The Djargurd Wurrung people occupied the territory between Mount Emu Creek and Lake Corangamite, extending to Darlington and Cressy in the North, and to Cobden and Swan Marsh in the South. The Djargurd Wurrung consisted of 12 clans, sharing a common language and strong cultural and family links, but each with its own territory and customs. The Camperdown area was the Country of the Liwura gundidj clan. The language spoken by the Djargurd Wurrung was a dialect of the of the Dhauwurd Wurrung language (also called the Warrnambool language). It was very similar to the dialect spoken by the neighbouring Girai Wurrung people.

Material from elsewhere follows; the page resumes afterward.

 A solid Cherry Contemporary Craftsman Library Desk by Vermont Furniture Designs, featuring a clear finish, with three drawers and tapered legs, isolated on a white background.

Within a few years of the arrival of the Europeans in 1839, the number of Djargurd Wurrung people was in steep decline. Despite sometimes violent resistance, by 1843 the Djargurd Wurrung were totally dispossessed of their Country. Dispossession led to starvation and their theft of sheep resulted in murderous reprisals. In 1839 one clan, the Tarnbeere gundidj, was massacred by Frederick Taylor and others at a site near Mount Emu Creek, south of Darlington. It came to be known as “Murdering Gully”. 

The surviving Djargurd Wurrung became fringe dwellers around the townships. Some found sanctuary on the properties of a few sympathetic land holders. 

When Framlingham Aboriginal Station was established in 1865 near Warrnambool, many of the surviving Djargurd Wurrung were coerced to relocate. However, a number of elders refused to abandon their Country. When he died in February 1883, Wombeetch Puyuun, also known as Camperdown George, was the last member of the Liwura gundidj clan still living on Country.